Pandas, and especially DataFrames will serve as data support.

Series and DataFrames have many methods that give us information about the data they contain.

**Series and DataFrame : information methods**
- .info
- .describe
- .count , mean, median, max, std..
- .agg
- .corr
- .grouby

**API Reference de Pandas**

https://pandas.pydata.org/docs/reference/index.html

In [None]:
import pandas as pd

### Dataset Auto MPG
Orixe: UC Irvine Machine Learning Repository

https://archive.ics.uci.edu/ml/datasets/auto+mpg

In [None]:
# The Dataset can be loaded from the Seaborn library, which brings it as a dataset example.
# Load de mpg dataset (from seaborn samples)
# Seaborn is a statistical visualization library.
# Seaborn is based on matplotlib library
# https://seaborn.pydata.org/
# import seaborn as sns
# df = sns.load_dataset('mpg')

In [None]:
# Load dataset from local datasets repository
df = pd.read_csv('../datasets/auto-mpg.csv')

In [None]:
# Show the dataset ; it also shows the number of rows and columns
df

In [None]:
# shape shows directly the dimensions of the dataset
df.shape

In [None]:
# Show a Series / column also shows some information: number and type of data
df.mpg

In [None]:
# show columns and data types
df.dtypes

In [None]:
# Show Dataframe info:
# columns, not null data, data types, memory usage...
df.info()

In [None]:
# basic statistical data, only for numeric variables
df.describe()

- count - number of non-zero values for that column
- mean - represents a mean value of data.
- std (standard deviation) - measure of data dispersion. Mean distance between the data and its average

The next 5 values are the PENTANUMERICAL SUMMARY.
- They divide the space of values in 4 equal parts (in terms of number of data)
- min - minimum value
- 25th percentile, first quartile or Q1: from the minimum to the Q1 value are 25% of the data
- 50th percentile or MEDIAN: from the minimum to the median 50% of the data are found.
- 75th percentile, third quartile or Q3: from the minimum to the Q3 value are 75% of the data
- max - maximum value

In [None]:
# We can force the statistics to be from non-numeric data only.
# The statistics that are calculated are different: count, unique, top, freq.

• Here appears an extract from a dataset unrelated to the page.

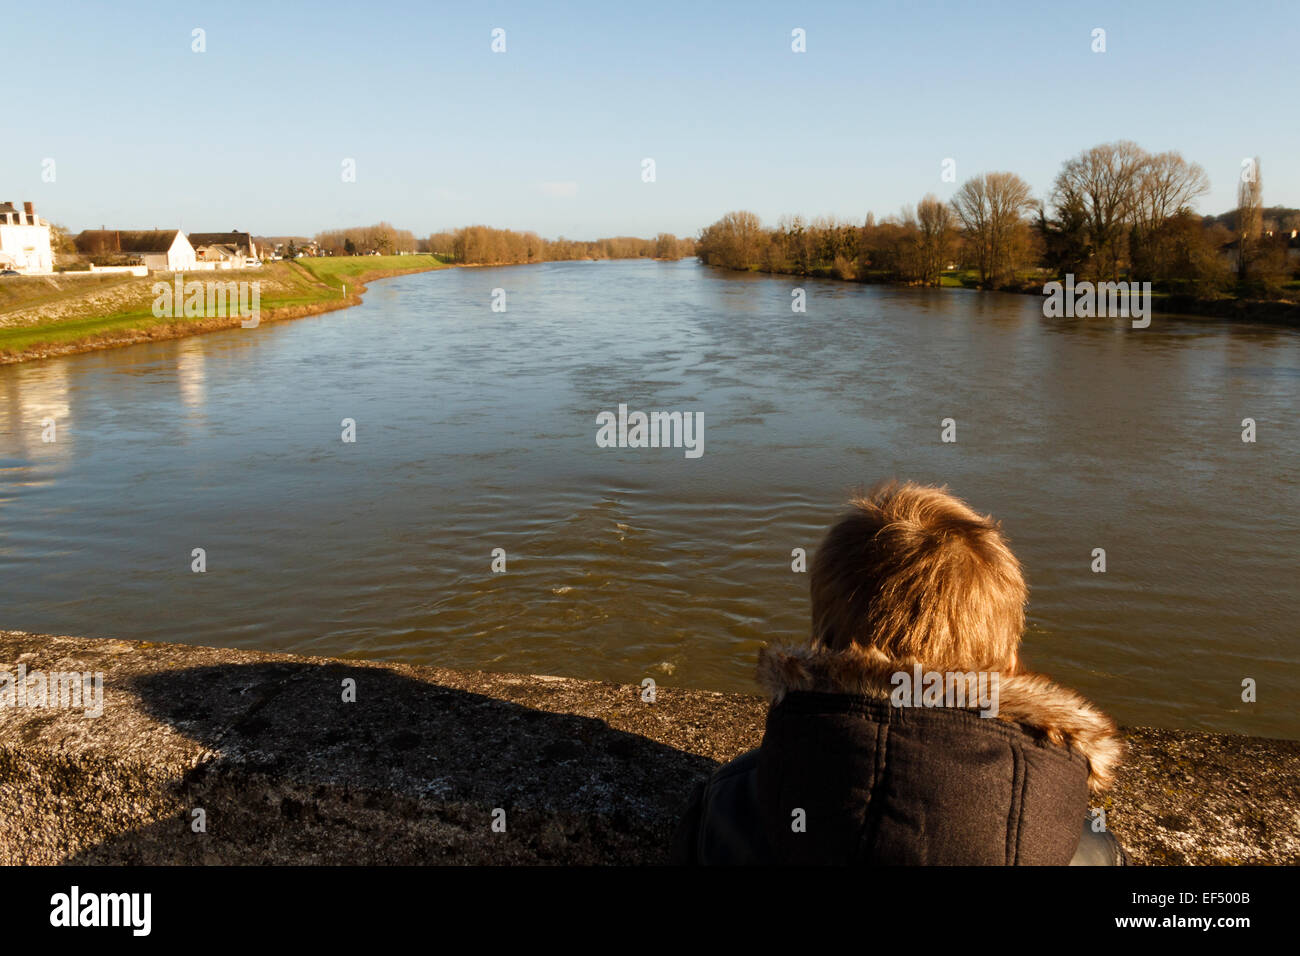 Joven afuera mirando el agua, río Loira, Francia. Imagen De Stock

df.describe(exclude = 'number')

- count - number of non-null values for the column
- unique: number of different values
- top: most repeated value
- freq: number of ocurrences of the most repeated value

### Categorical vs. numerical variables

Simplifying:
- **Numerical** variables: those that can be measured == (**quantitative** variables)
- **Categorical** variables: those that cannot be measured == (**qualitative** variables)

"describe" inform us of the number and type of variables in the dataframe (int+float -> numeric , object -> categorical)

In [None]:
# Summary of statistics applied to a Series/column
# Has the same meaning as in the case of a DataFrame
df.mpg.describe()

In [None]:
# We can apply a function to the whole dataframe to calculate statistics (applied by columns).

In [None]:
df.mean()
#df.mean(numeric_only=True)


In [None]:
df.median()
#df.median(numeric_only=True)

In [None]:
df.max()
#df.agg('max')

In [None]:
# We can also apply the functions only to a series/column.

In [None]:
df.mpg.mean()
#df.mpg.agg('mean')

In [None]:
# It is possible to apply several functions in a single line (either to the whole dataframe or only to a series/column).

In [None]:
df.agg(['mean', 'std'])

In [None]:
df.mpg.agg(['mean', 'std'])

##### Correlation

In our work as data scientists or analysts one of the common objectives can be
to find relationships between different variables.
But,be careful! because correlation between two variables does not imply causality!

**Correlation** measures the relationship between two variables.

Correlation does not explain why there is a relationship between variables, it just 
indicates its existence and gives a measure of its value.

Mantra estatístico nº1: **CORRELATION DOES NOT IMPLY CAUSALITY.**

In [None]:
# Apply the correlation calculation to the whole dataframe with the function "corr".
# The result is a symmetrical table in relation to its diagonal axis.
df.corr()

In [None]:
# Some appreciations:
# - a diagonal is always 1: a variable has the highest correlation with itself
# - weight (weight) and miles per gallon (mpg) have a quite high inverse correlation (-)
# - number of cylinders has a high correlation with horsepower
# - acceleration has almost nothing to do with model year

#### groupby

In [None]:
# The categorical variables can be used to create different groups, on which to apply the same functions that we applied on other variables (mean, max, ...).

In [None]:
# First create the group (a kind of special grouped dataframe).
# Next, apply the function to the new group.

In [None]:
df_groupby_origin = df.groupby('origin')
df_groupby_origin.mean()